Why small-molecule drug discovery is having a moment

With medicinal chemists’ innovative tools and techniques, it’s an exciting time to be building new drugs

by Laura Howes
October 30, 2023 | A version of this story appeared in Volume 101, Issue 36

 

A mostly blue-hued illustration of someone in glasses holding an open capsule. A hand from above pulls on the other end of the capsule, which is white. Where the capsule is opened, yellow dots glow.
Credit: Chris Gash

In brief

At one stage, small-molecule drugs seemed at risk of going out of fashion, as industry began to favor biotherapeutics. But over the past 10 years, small molecules have made it clear that they aren’t going away. New classes of molecules, such as proteolysis-targeting chimeras (PROTACs) and molecular glues, have people excited. So do technologies, such as machine learning and generative artificial intelligence, that are helping drive drug discovery. Today, drug hunters have more ambition to go after difficult targets and to use novel chemistry. And that makes it an exciting time for chemists.

Last year, sales of the 10 top-selling drugs were split 40:60 between small molecules and larger, more complicated biologics, according to Drug Discovery and Development. But those numbers are skewed by the huge cost of some biologic blockbusters. On a global scale, around 90% of all drugs sold are small molecules, according to a Medicine in Drug Discovery paper (2021, DOI: 10.1016/j.medidd.2020.100075).

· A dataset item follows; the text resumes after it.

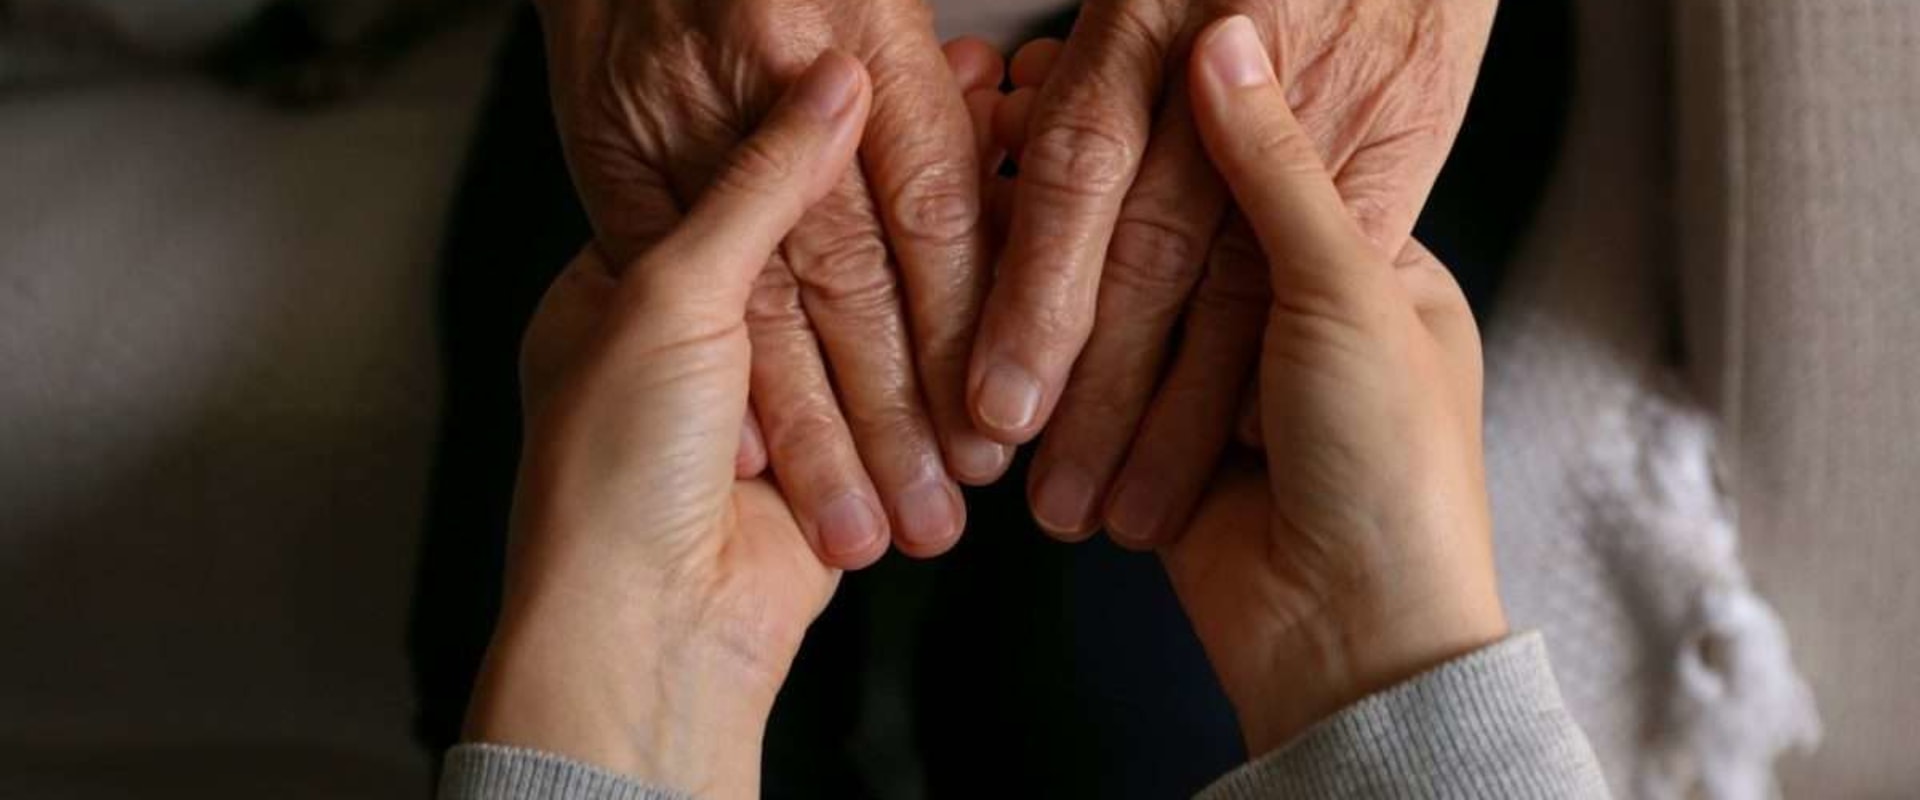 What are the three most important qualities of a caregiver?
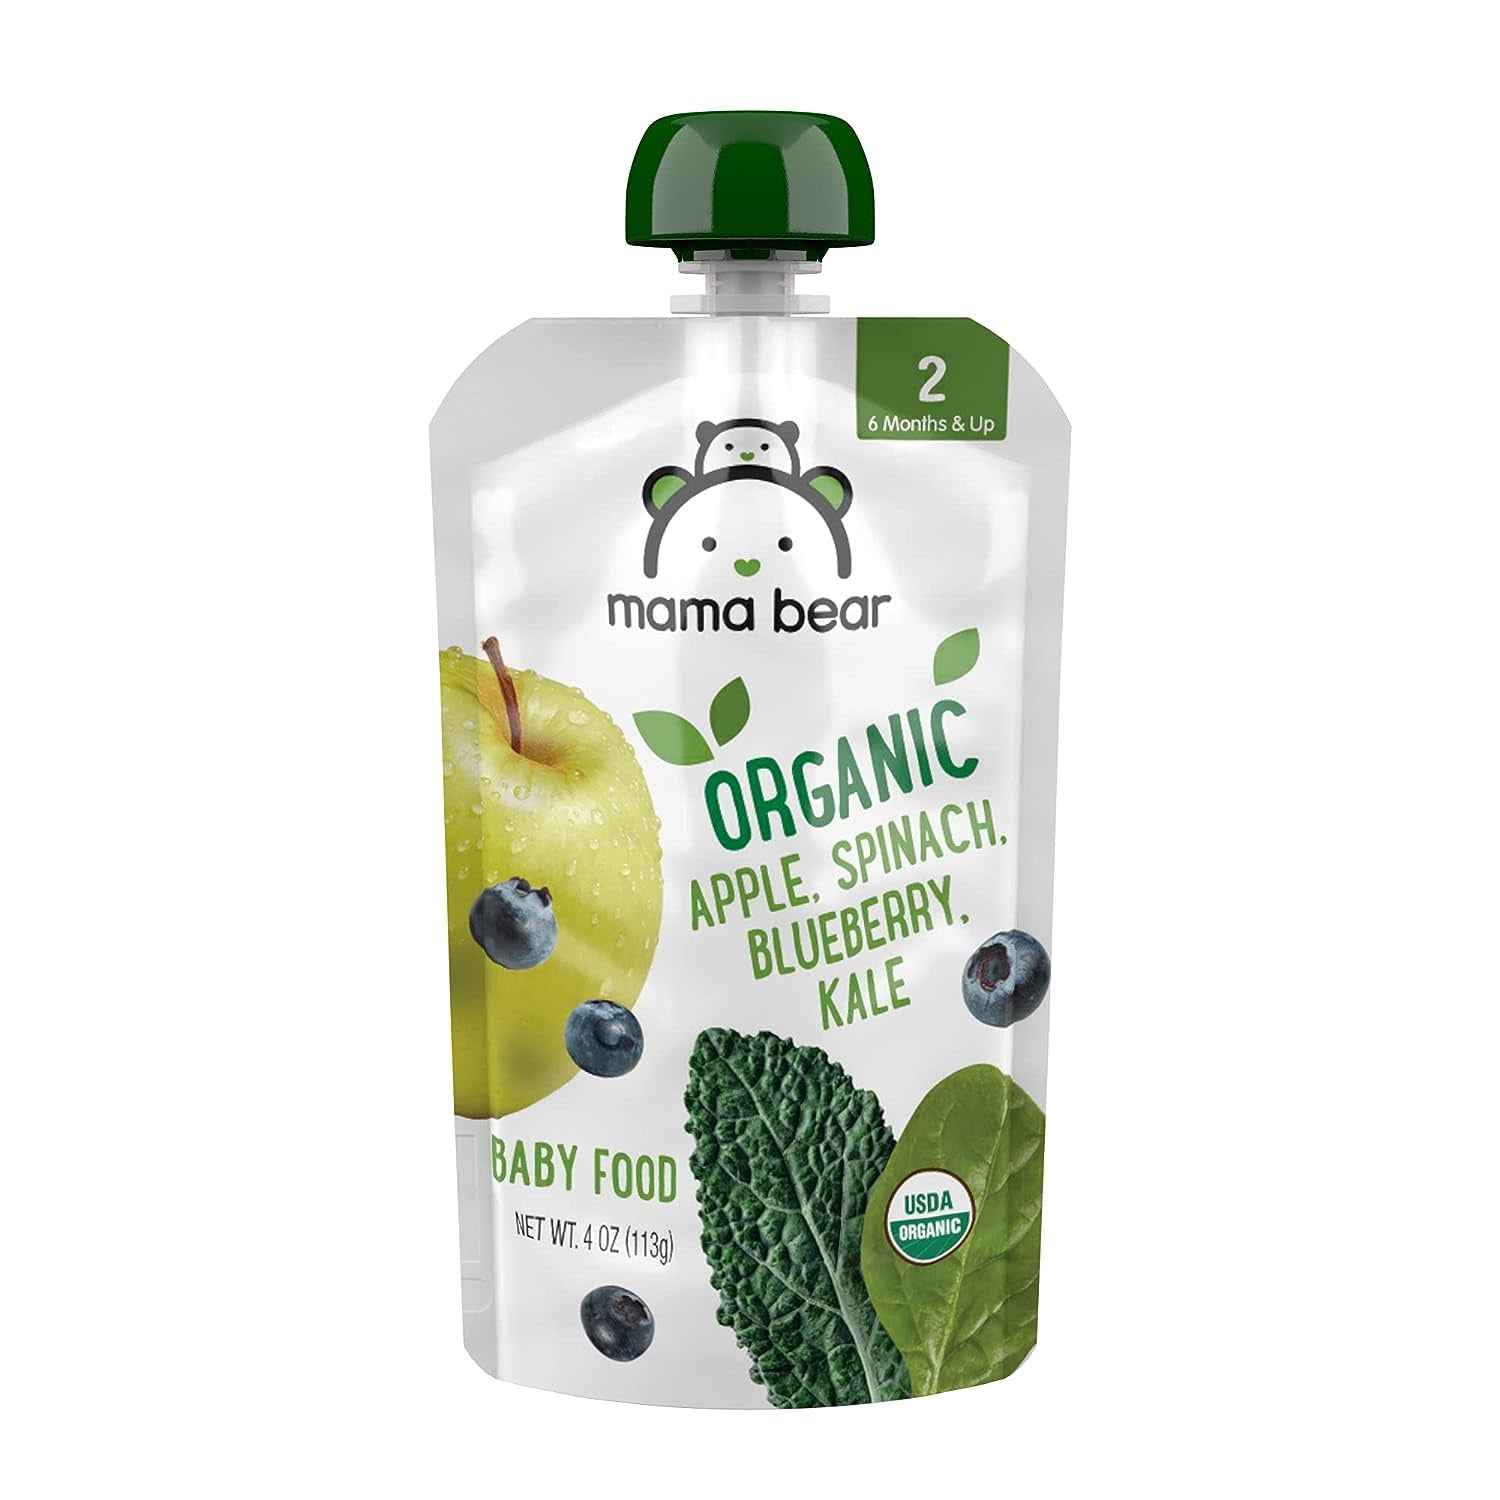 Mama Bear Organic Food pouch, Apple Spinach Blueberry Kale, 4oz

Not too long ago, these small-molecule drugs looked as if they were going out of fashion. Advances in biotechnology enabled pharmaceutical companies to cost-effectively generate a range of biologics, such as large peptides, recombinant proteins, monoclonal antibodies, antibody-drug conjugates, fusion proteins, and vaccines.

But organic compounds with low molecular weight—molecules that can be administered orally and can pass through cell membranes to reach intracellular targets—have been a mainstay of the pharmaceutical industry for over 100 years. Rather than fade away, they continue to be an important part of the industry’s therapeutic arsenal. In the past 10 years or so, advances in technology, synthetic methodology, and biopharmaceutical research have opened up more opportunities for innovative and creative small-molecule drugs.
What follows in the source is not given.